- **RECORDED DATA**:

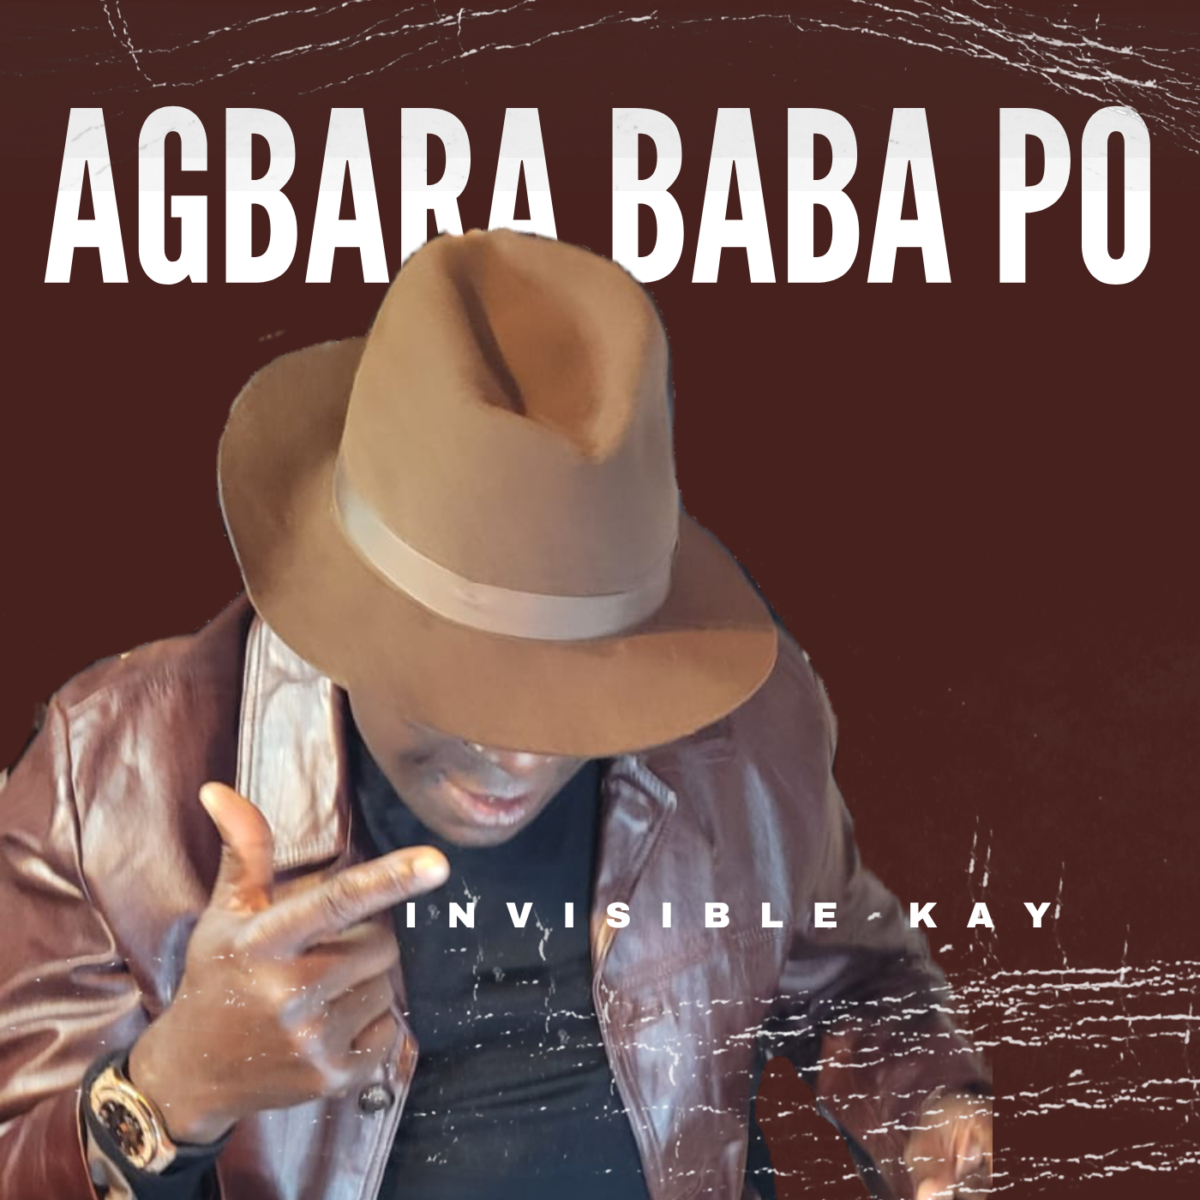 Invisible Kay – Agbara Baba Po | @invisiblekay330
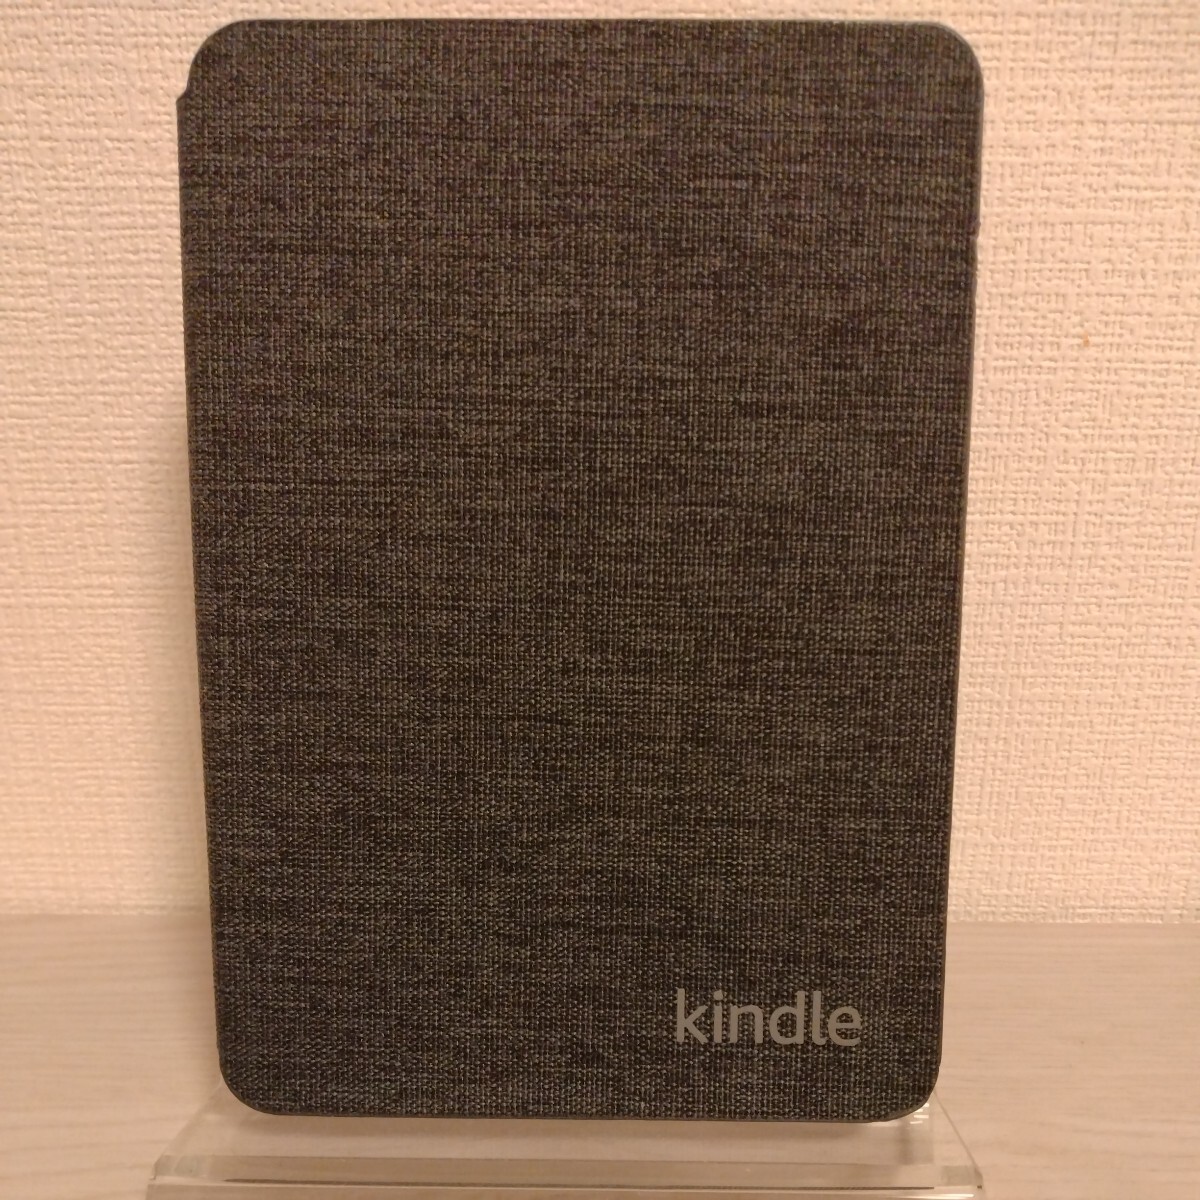  (第11世代) - 2022年発売 Kindle (16GB) 6インチディスプレイ 電子書籍リーダー ブラック（広告あり）カバーセット
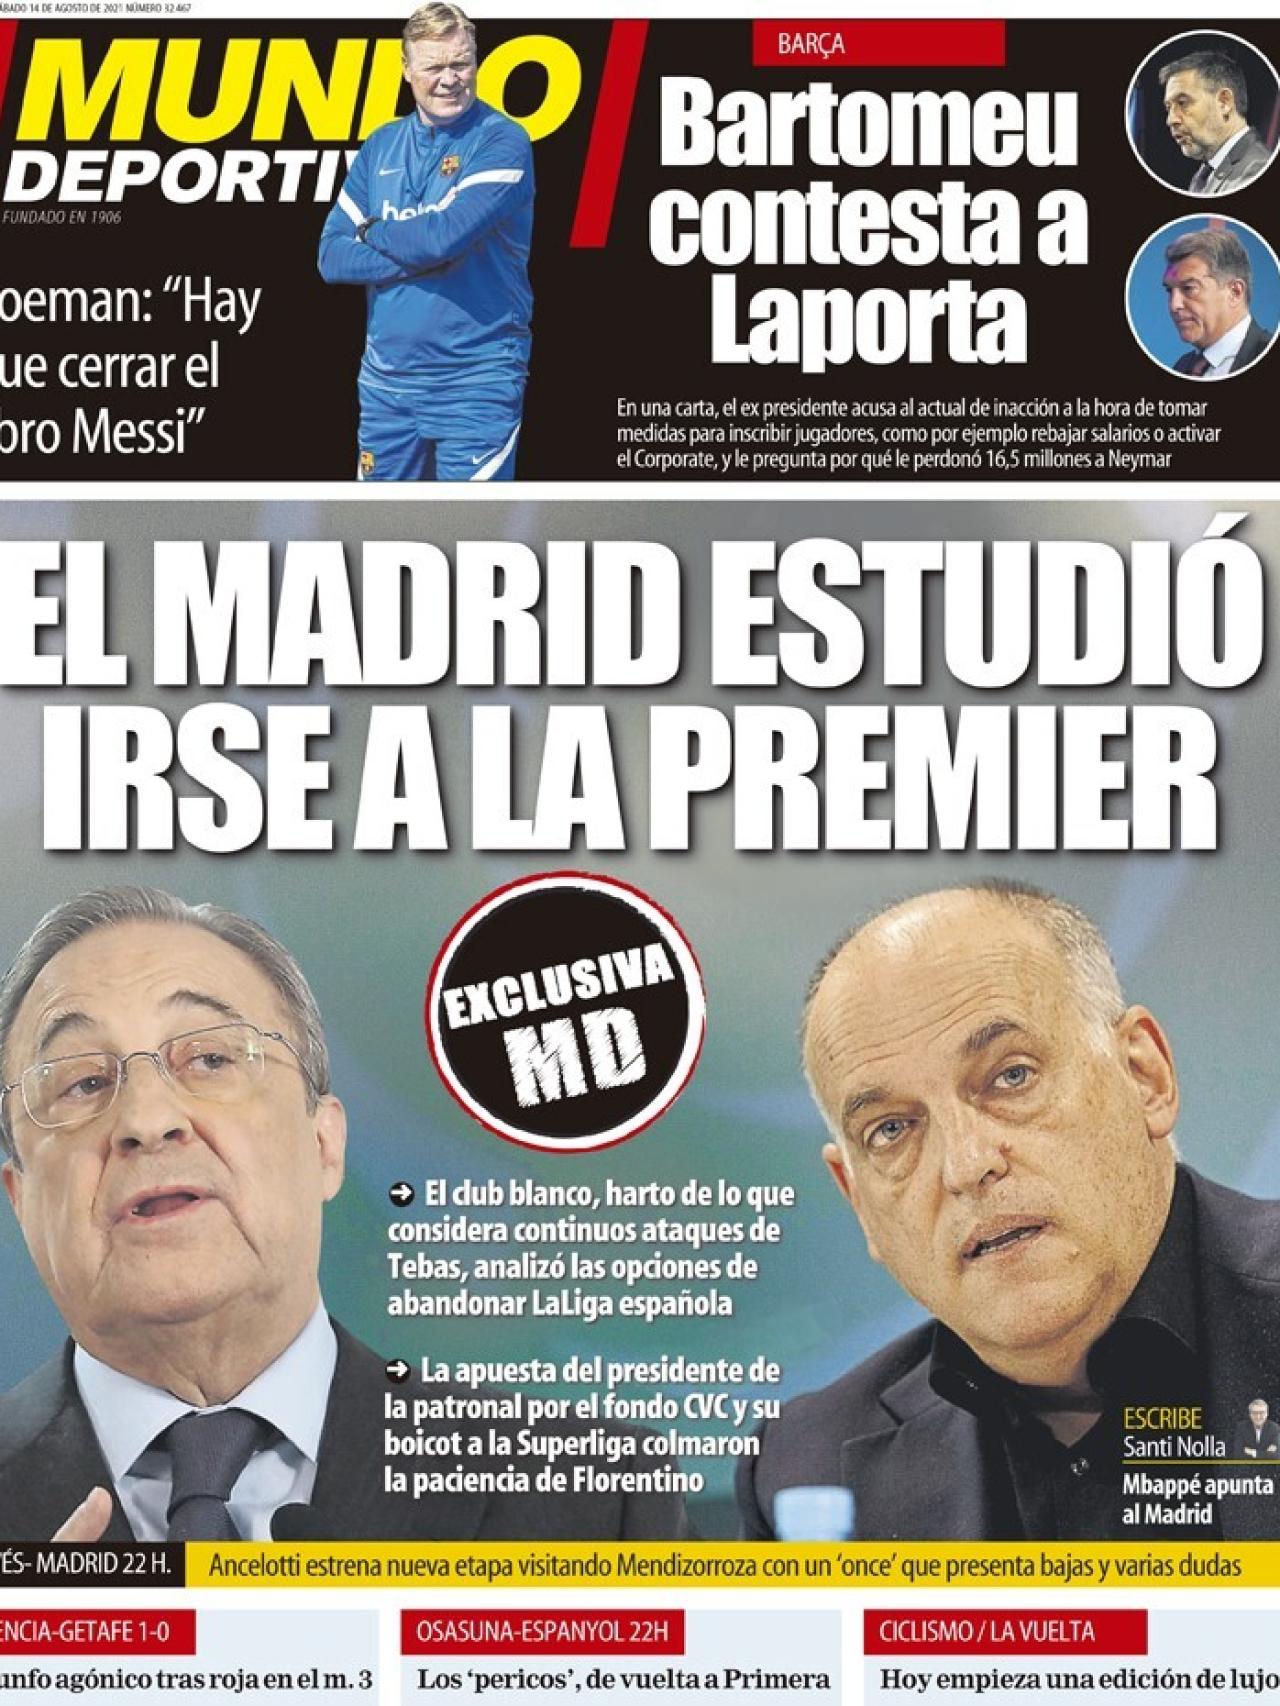 La portada del diario Mundo Deportivo (14/08/2021)

- **WHAT NEEDS TO BE DONE**:
Reproduce each line above exactly, but not a single picture.

- **SOLUTION TO THIS PROBLEM**:
 Invisible Kay – Agbara Baba Po | @invisiblekay330
  (第11世代) - 2022年発売 Kindle (16GB) 6インチディスプレイ 電子書籍リーダー ブラック（広告あり）カバーセット
 La portada del diario Mundo Deportivo (14/08/2021)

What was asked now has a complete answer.